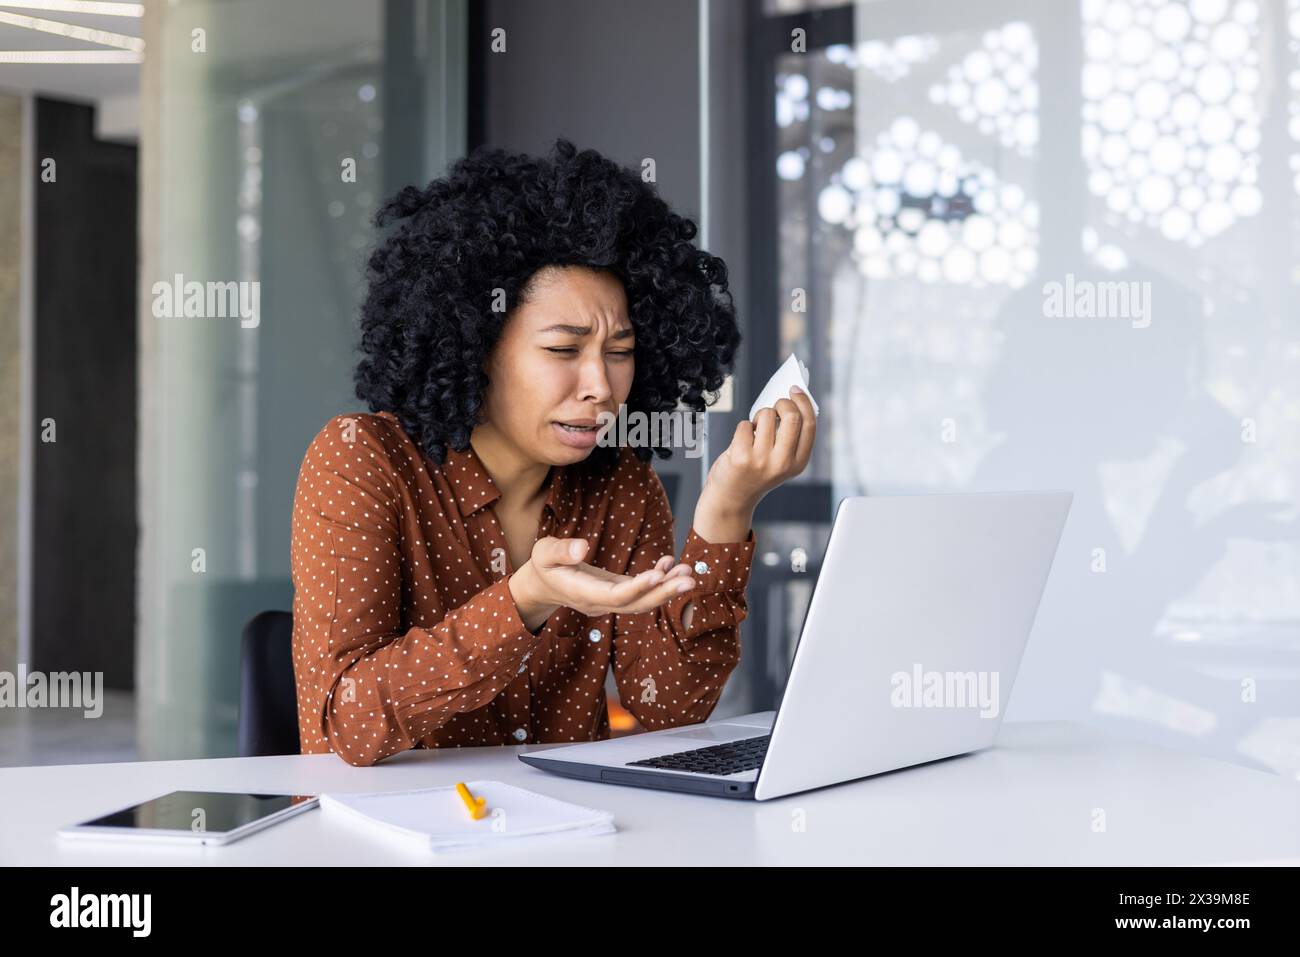 Eine beunruhigte Geschäftsfrau, die professionelle Hilfe durch eine Online-Beratung mit einem Psychotherapeuten sucht, sichtbar aufgebracht und Tränen abwischt. Stockfoto
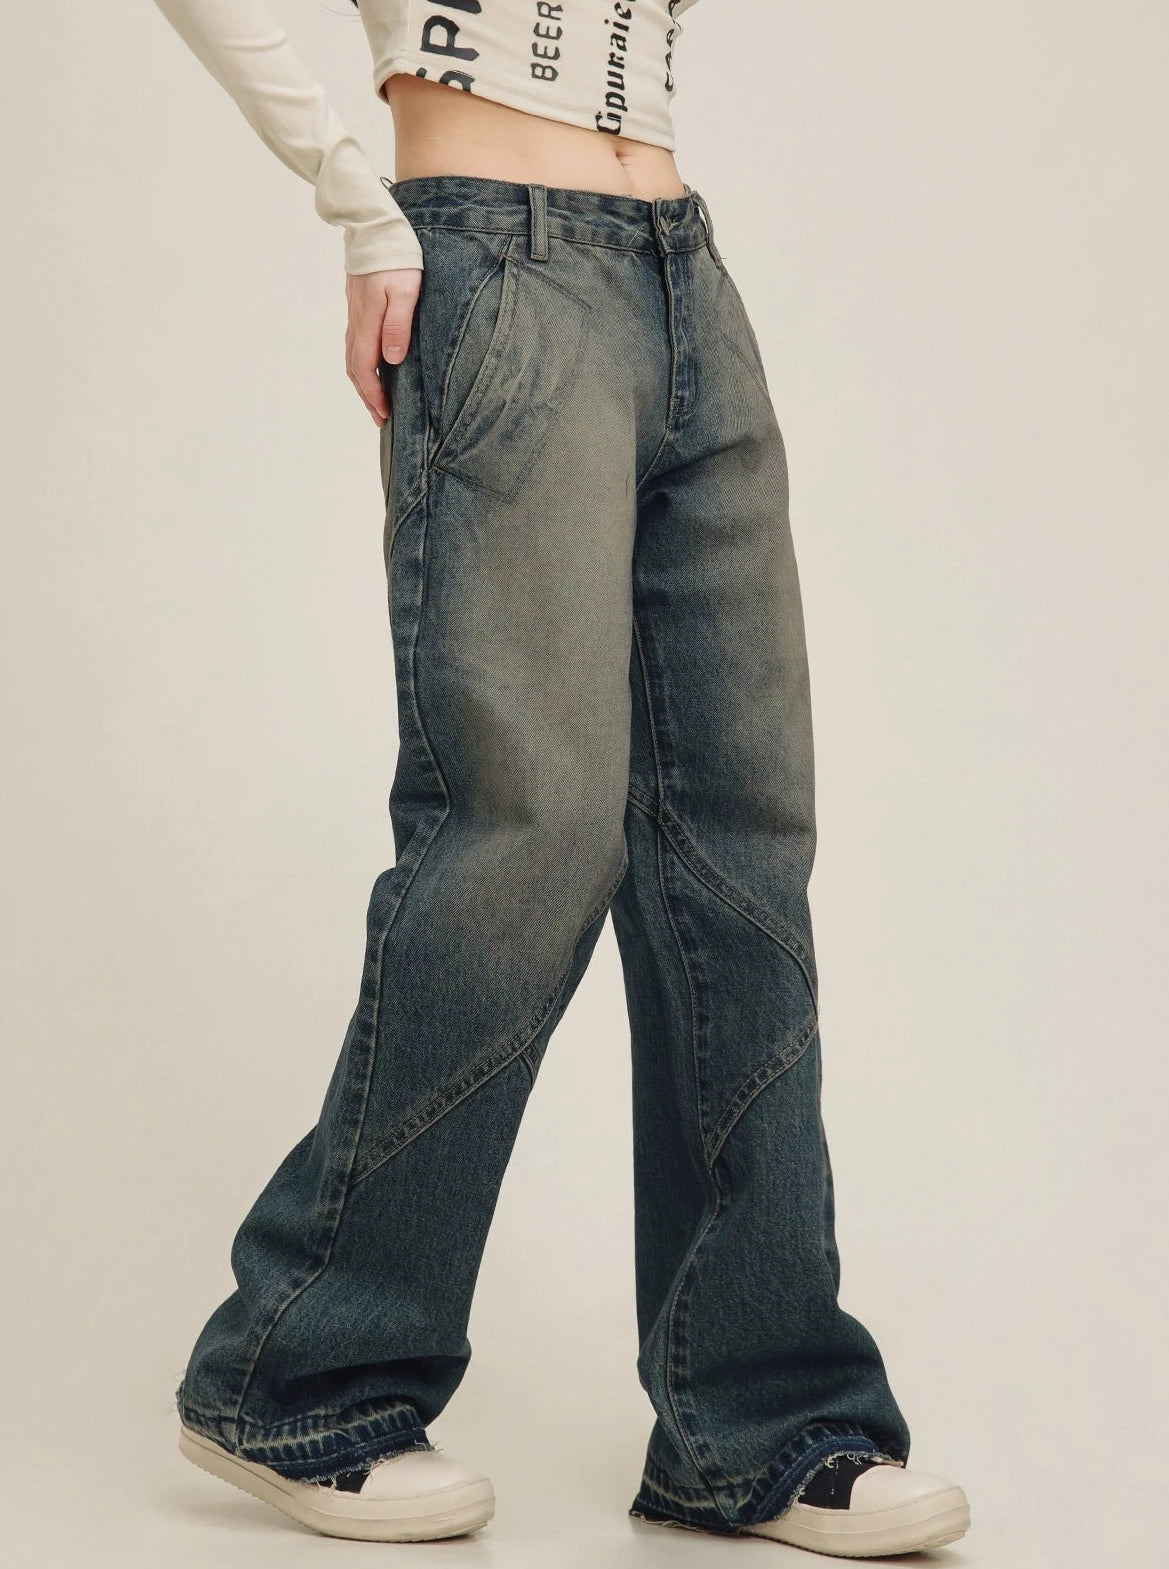 Vintage Wash Jeans Pants
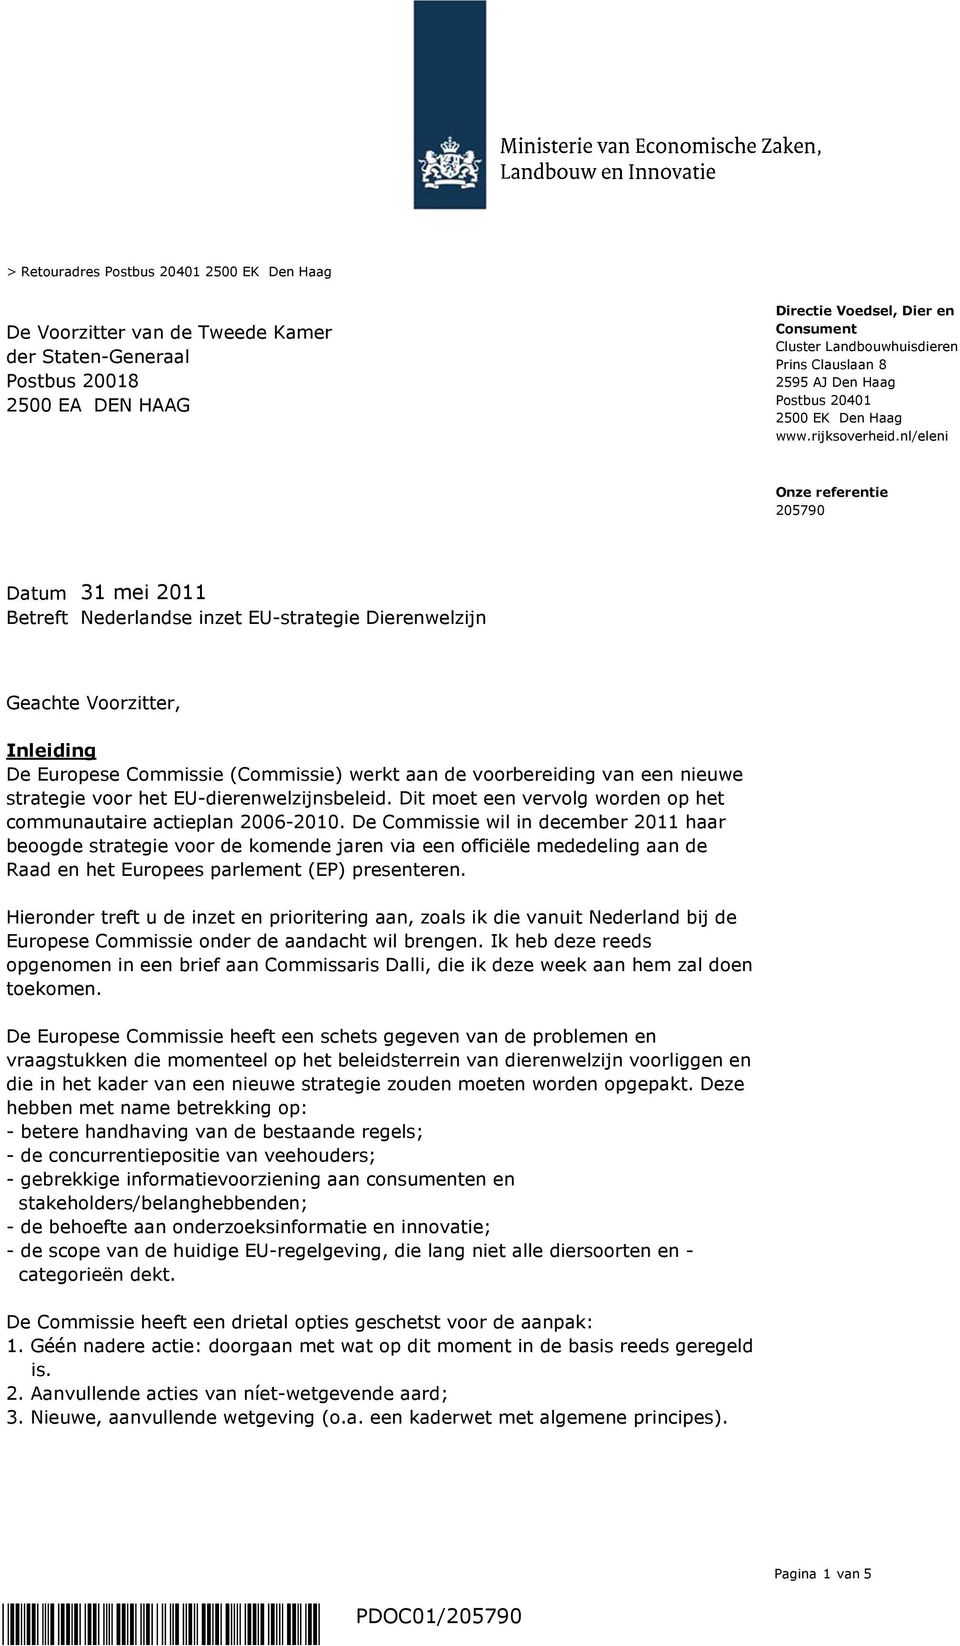 nl/eleni Datum 31 mei 2011 Betreft Nederlandse inzet EU-strategie Dierenwelzijn Geachte Voorzitter, Inleiding De Europese Commissie (Commissie) werkt aan de voorbereiding van een nieuwe strategie

## Brief
Every line of the data above is to be set down word for word, with the pictures left out.

## Result below
 Eine beunruhigte Geschäftsfrau, die professionelle Hilfe durch eine Online-Beratung mit einem Psychotherapeuten sucht, sichtbar aufgebracht und Tränen abwischt. Stockfoto
 Vintage Wash Jeans Pants
 nl/eleni Datum 31 mei 2011 Betreft Nederlandse inzet EU-strategie Dierenwelzijn Geachte Voorzitter, Inleiding De Europese Commissie (Commissie) werkt aan de voorbereiding van een nieuwe strategie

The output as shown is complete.